THE PROBLEM ▸
Could you give the listing again exactly, without its pictures?

PROVIDED MATERIAL ▸
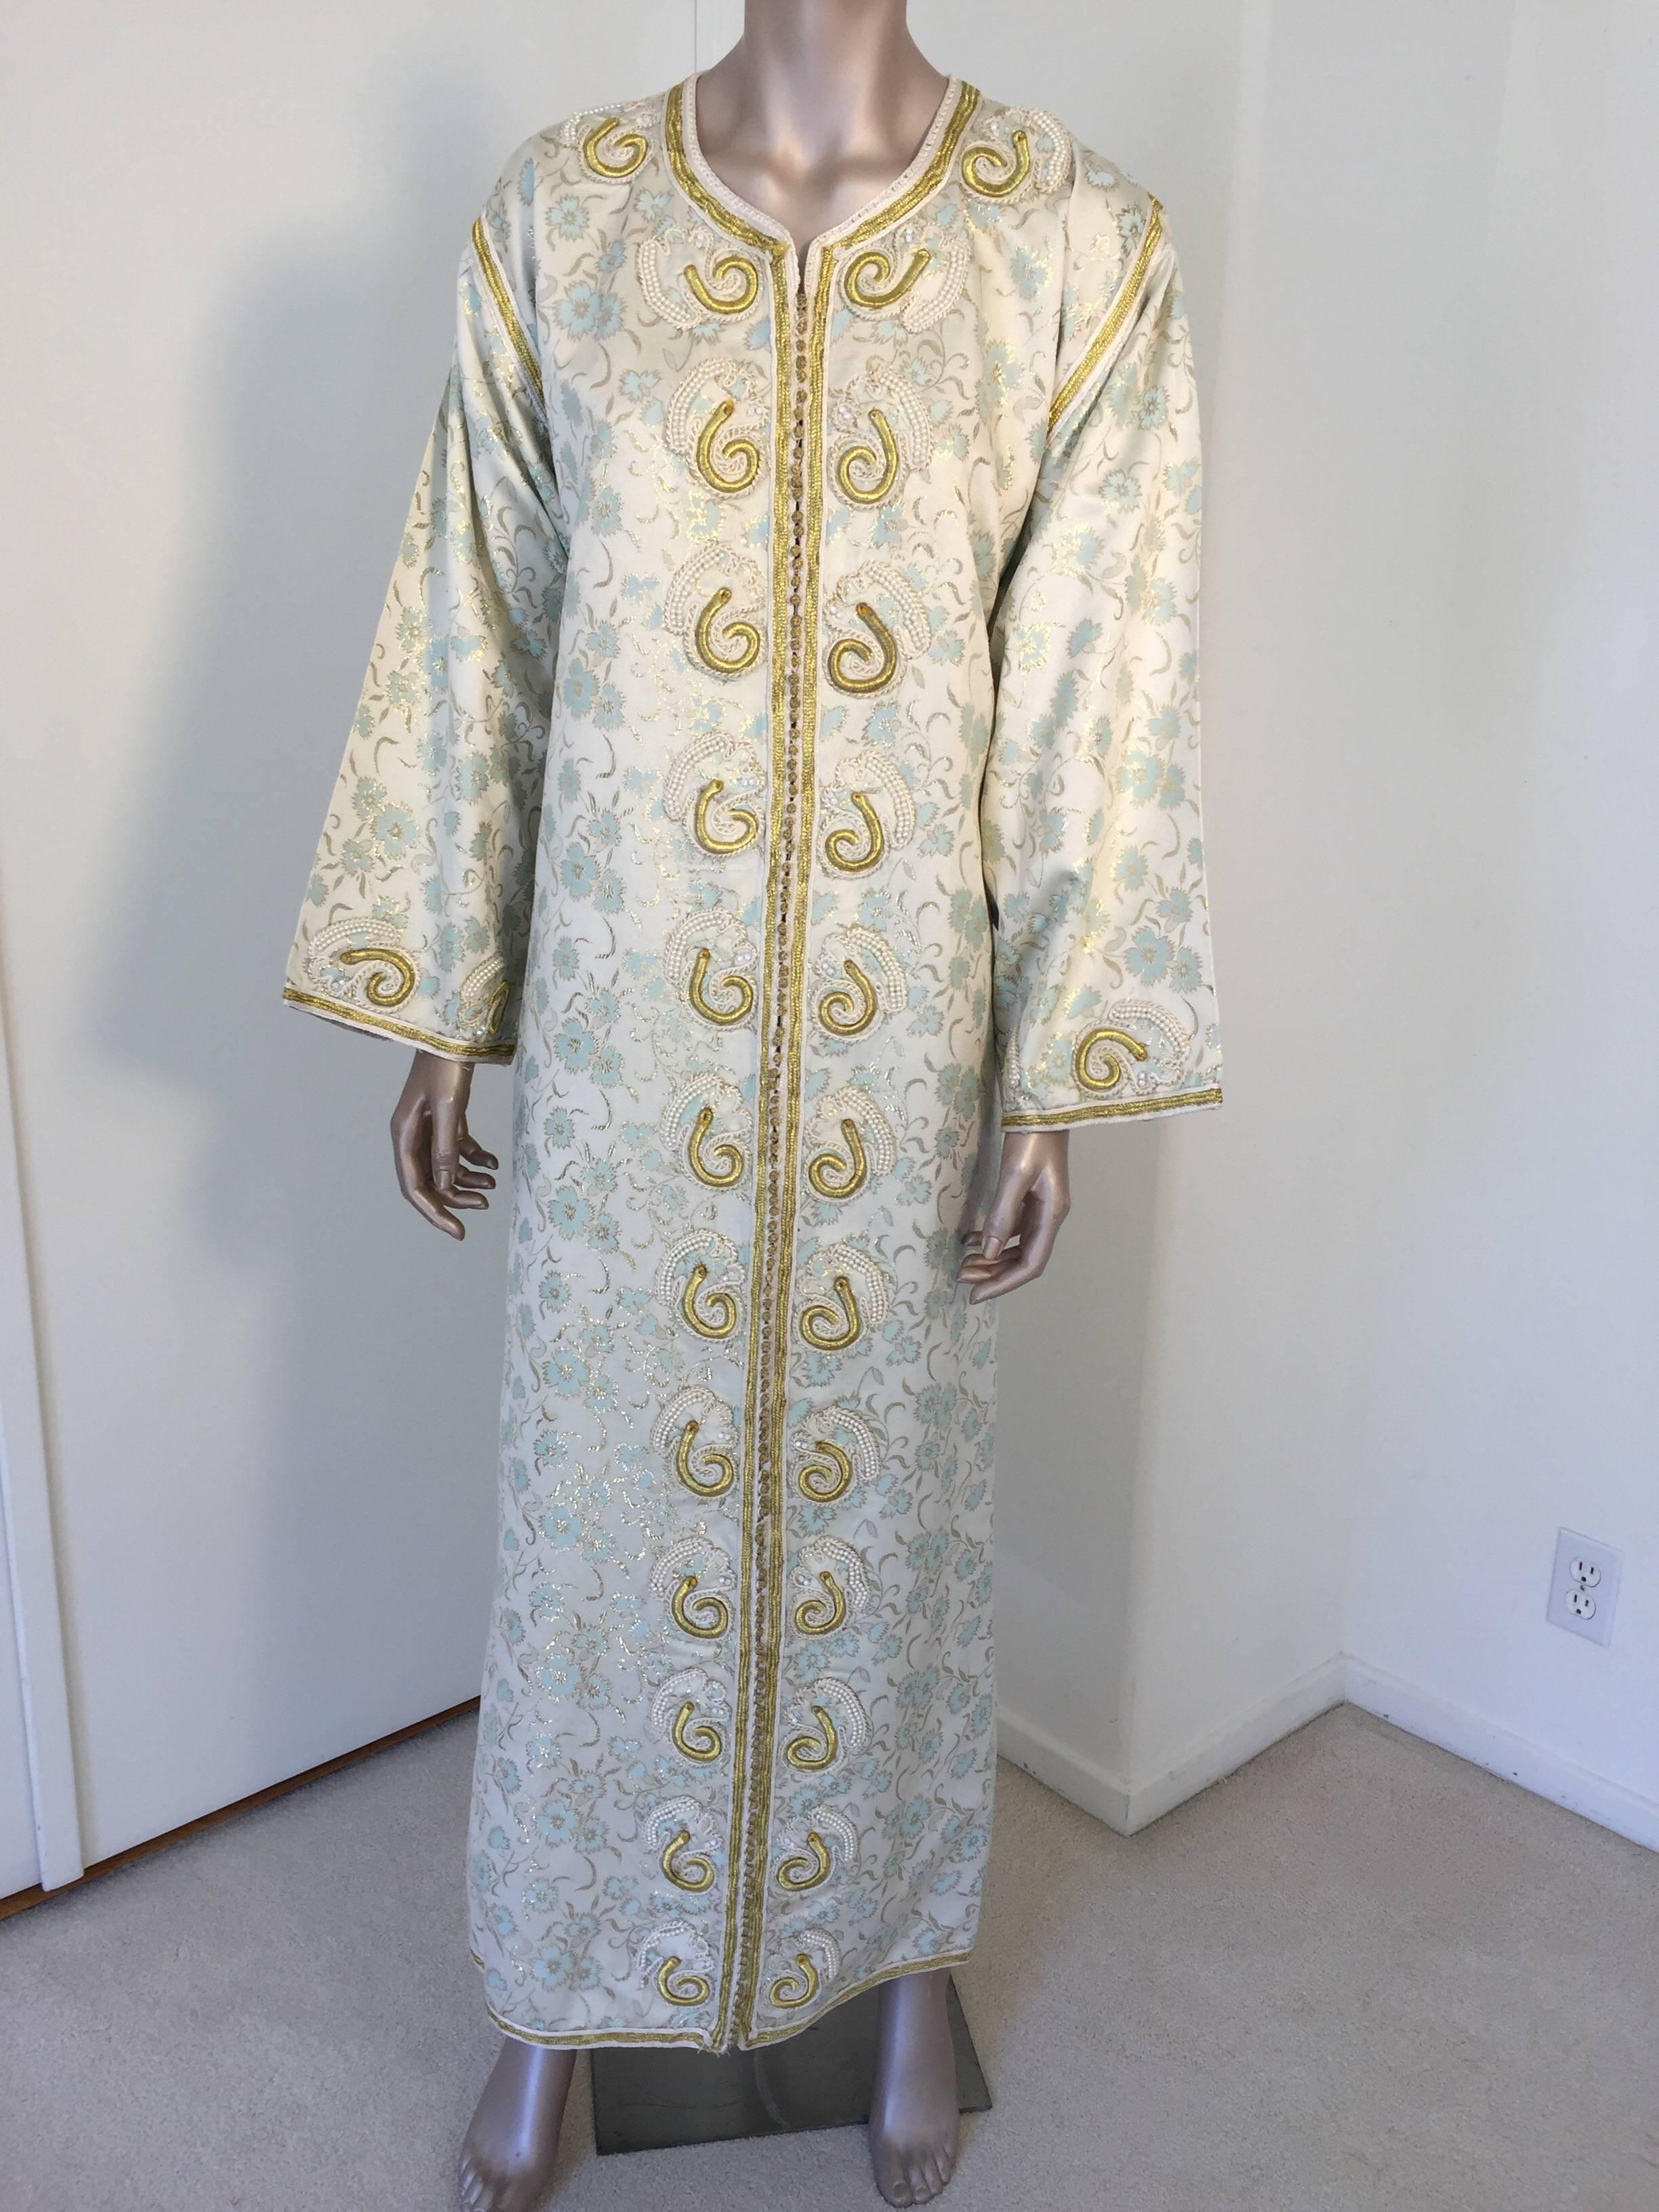 Elegant kaftan marocain vintage en brocart blanc, brodé de fils d'or turcs. 
Cette robe longue chic en brocart floral blanc, or et bleu turquoise est brodée et embellie de motifs métalliques en fil d'or et de perles. 
Robe de soirée marocaine du

FINAL ANSWER ▸
 Elegant kaftan marocain vintage en brocart blanc, brodé de fils d'or turcs. 
Cette robe longue chic en brocart floral blanc, or et bleu turquoise est brodée et embellie de motifs métalliques en fil d'or et de perles. 
Robe de soirée marocaine du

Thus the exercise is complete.